Cardio Training and Your Muscle Building Plan
If you're getting ready to dive into a muscle building workout plan, one thing that you must take some time to understand correctly is how cardio training will factor into the mix. Many women are very interested in keeping up a high amount of cardio as they are strongly under the belief that it's their everyday cardio training that will help keep them lean in the long run. But, before you're too quick to jump onto the treadmill six or seven days a week, there are a few important things to realize.
Cardio Training And Recovery
The very first thing that you must keep in mind is that doing high volumes of cardio training along with your usual strength training workouts can sacrifice your ability to recover significantly. Since the body does require so much rest in order to repair the muscle tissues that you've just broken down during the weight lifting workout, it becomes imperative that you're taking this rest.
You should aim to have at least one, if not two, full days off each week where nothing more then very light physical activity such as walking is taking place.
Cardio Training And Calorie Intake
Second, the next thing to keep in mind is that cardio training will burn off a significant number of calories. Since your goal when building lean muscle mass is to actually take in more calories, this can work against you.
If you're going to be doing high volumes of cardio training, this means you're going to have to consume even more calories than normal to build those curves on your body.

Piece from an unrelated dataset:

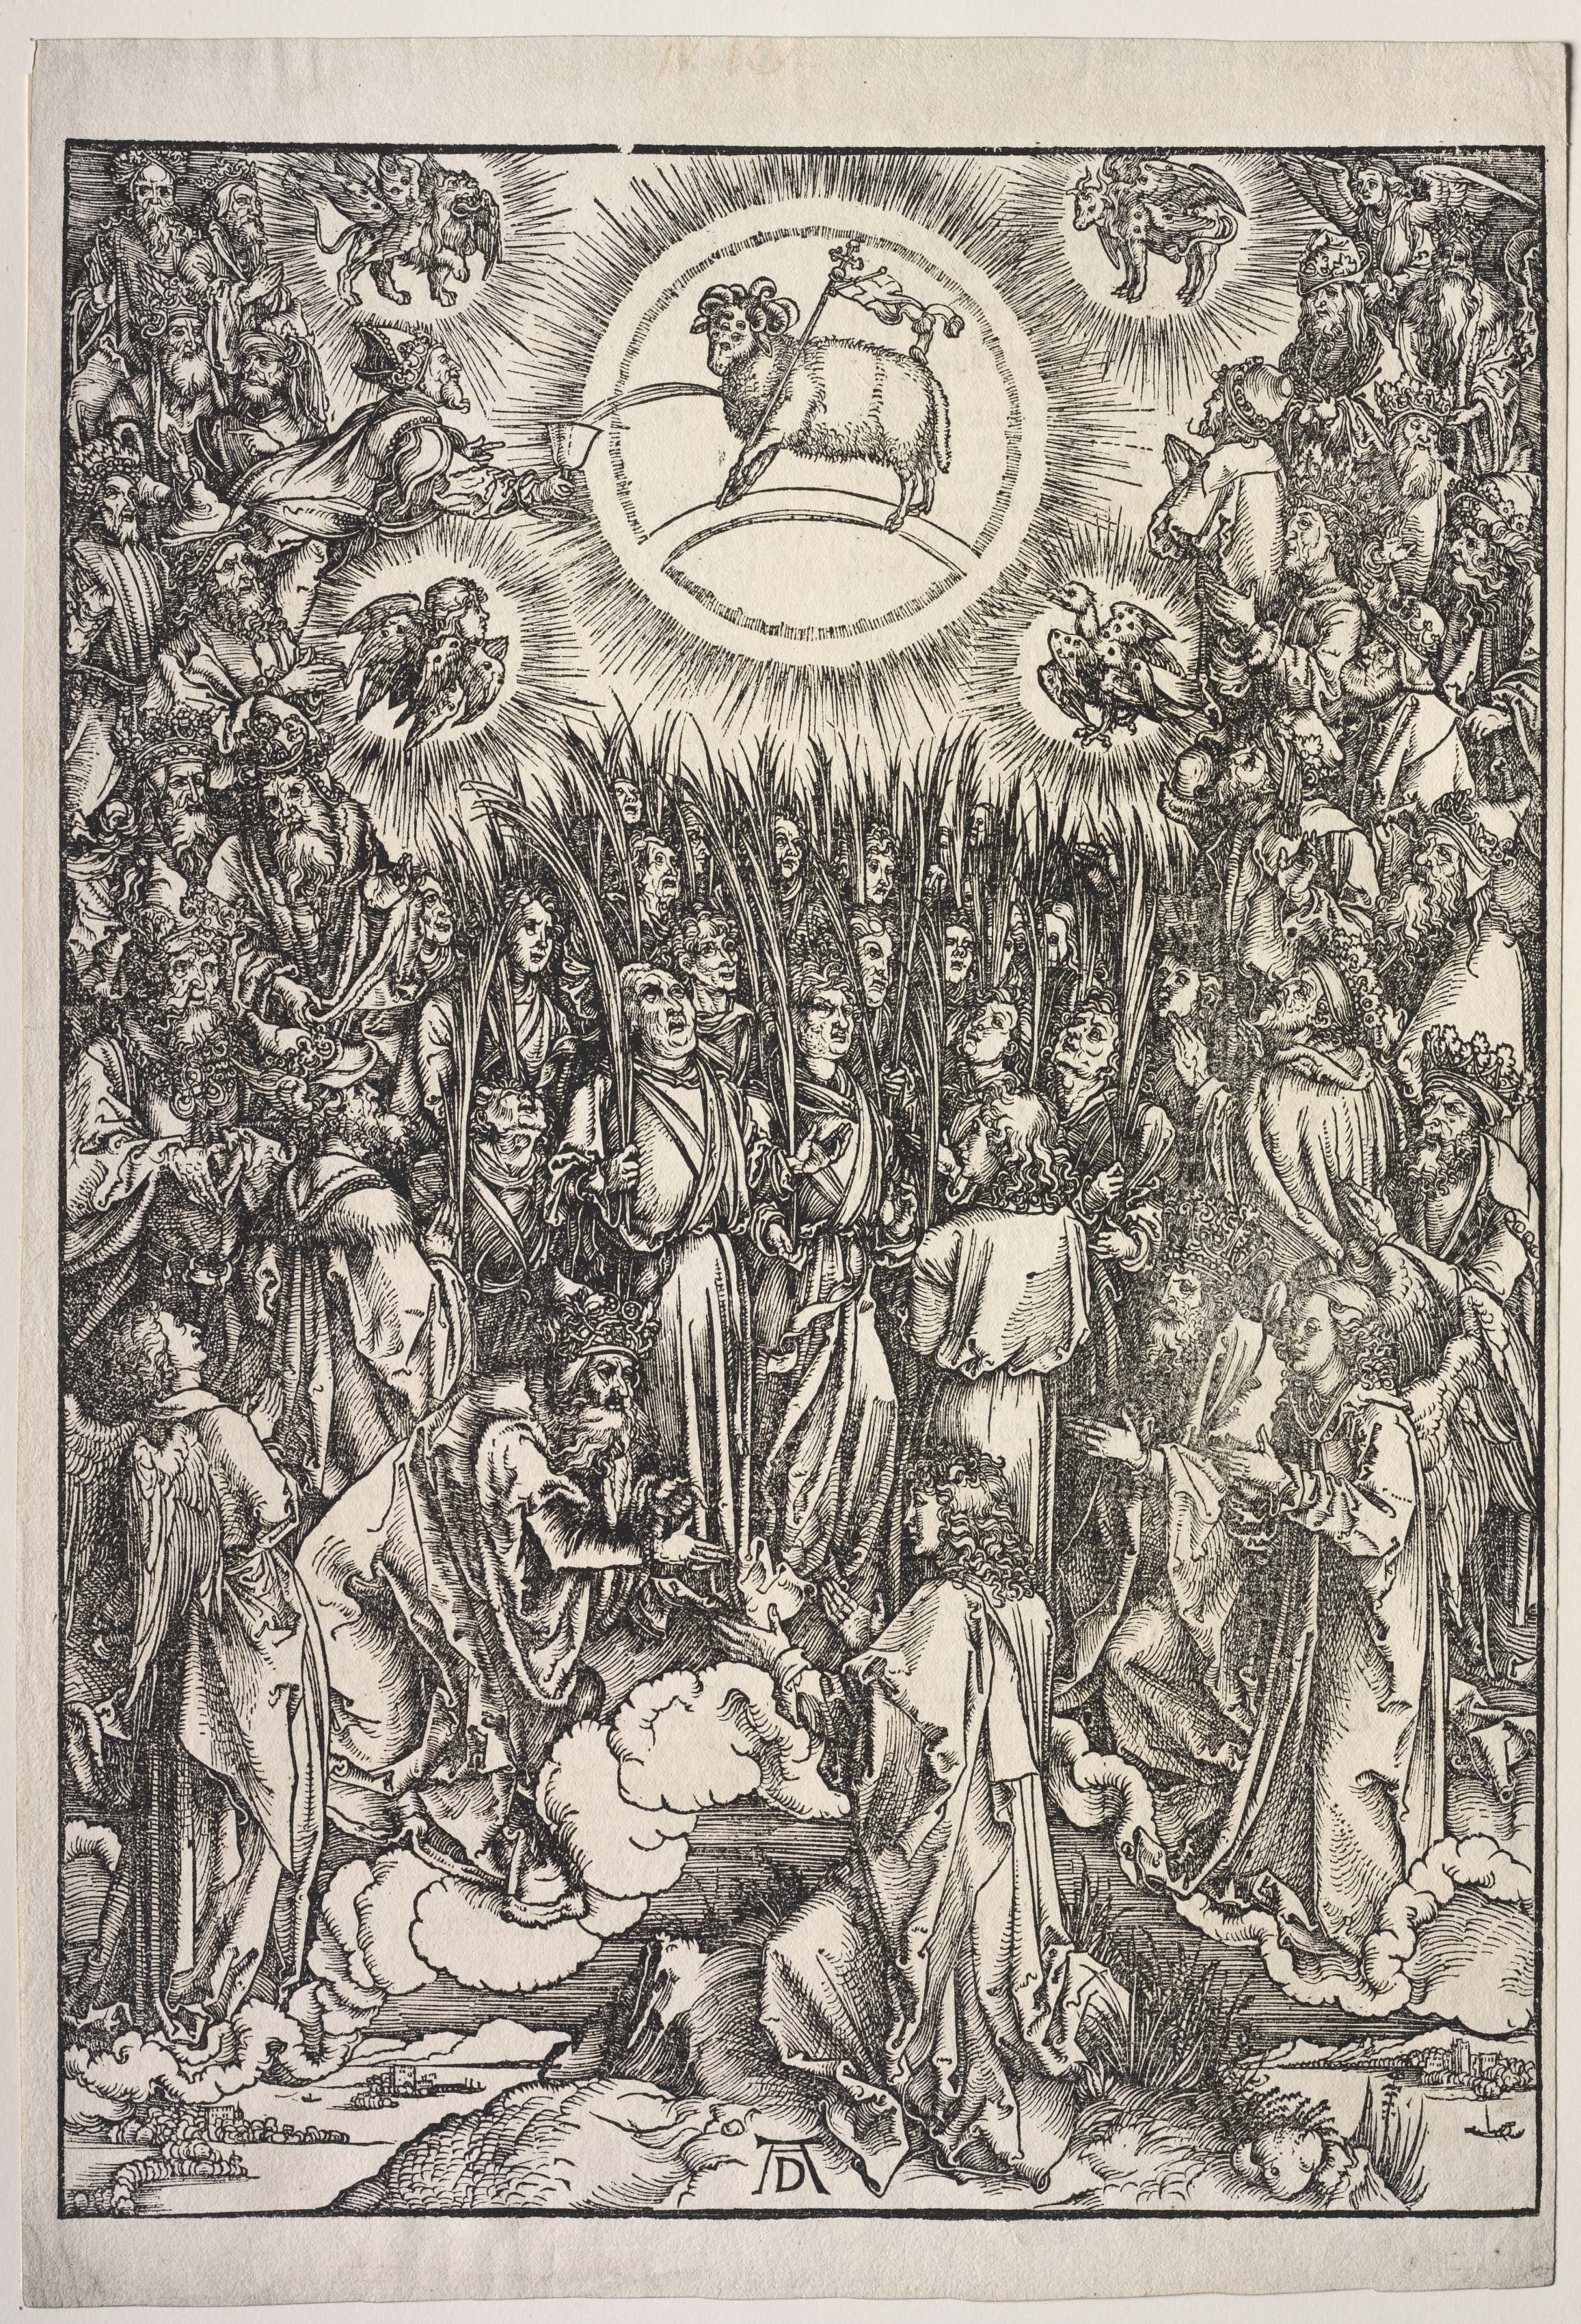 Revelation of St. John: The Adoration of the Lamb
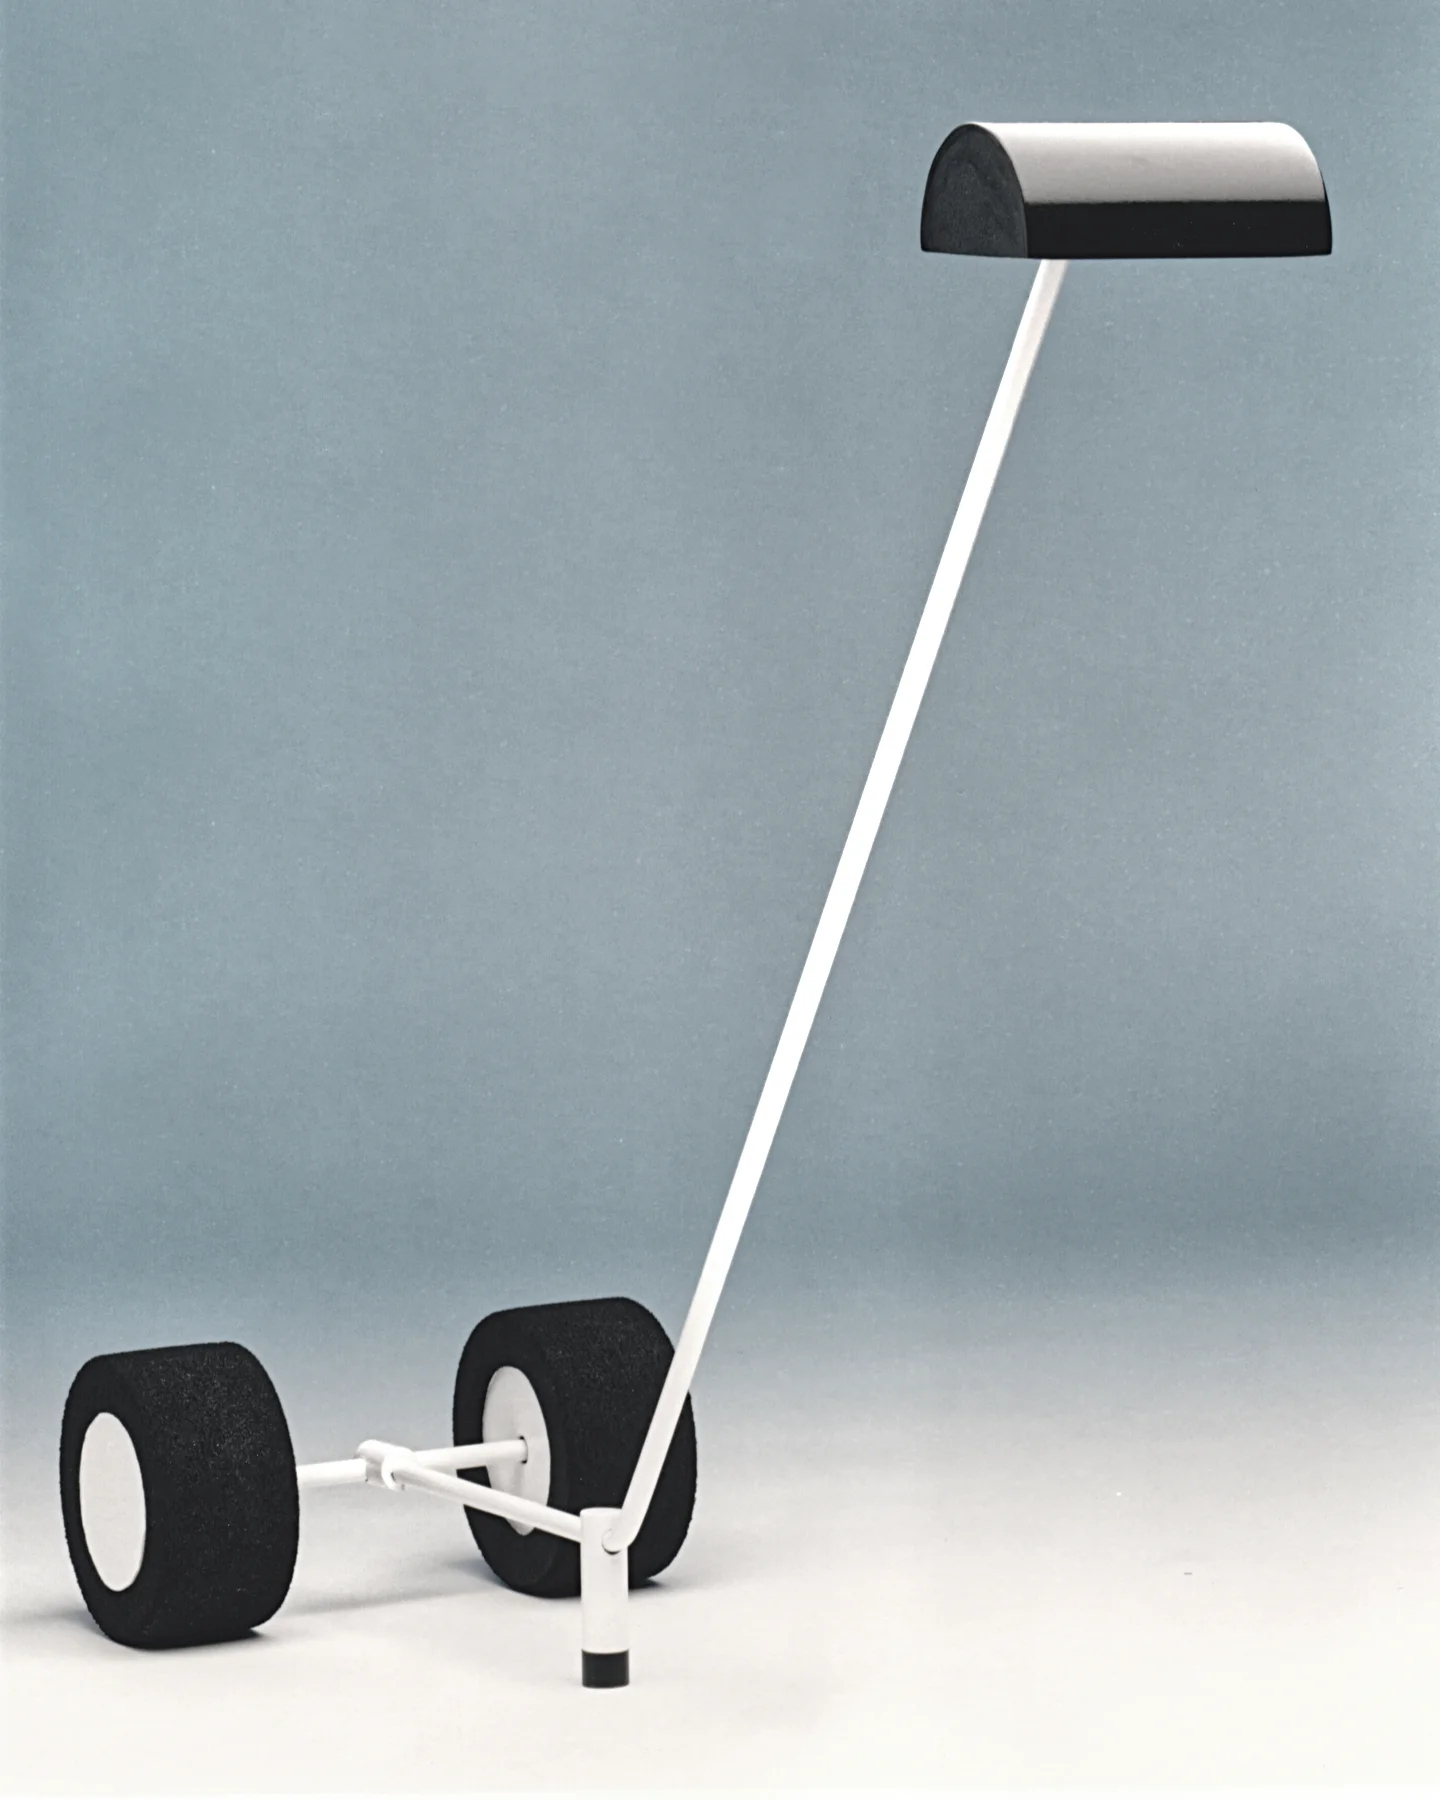 Caddy desk lamp - Martin Kania Design

Cardio Training And Scheduling
It is important to remember the issue with scheduling. There is no question that you lead a busy lifestyle and getting to the gym for six cardio workouts plus three or four lifting workouts may be a bit too much to handle.
Since you only have so many hours in the gym and weight lifting workouts must take priority, this means you'll likely have to cut back on your cardio workouts.
Cardio Training And Fat Gain
When it comes to cardio training and fat gain, you should know that a far superior way to prevent excess body fat from being gained is to monitor your diet. If you notice that you're gaining body fat, this is a signal that you're simply taking in too many calories, not that you're not doing enough cardio.
You'd be far better to cut back your calorie intake slightly than go adding hours of cardio each week.
So while you should keep some cardio in the overall workout program since it does provide health benefits, keep it to two to three moderate paced sessions a week for best results.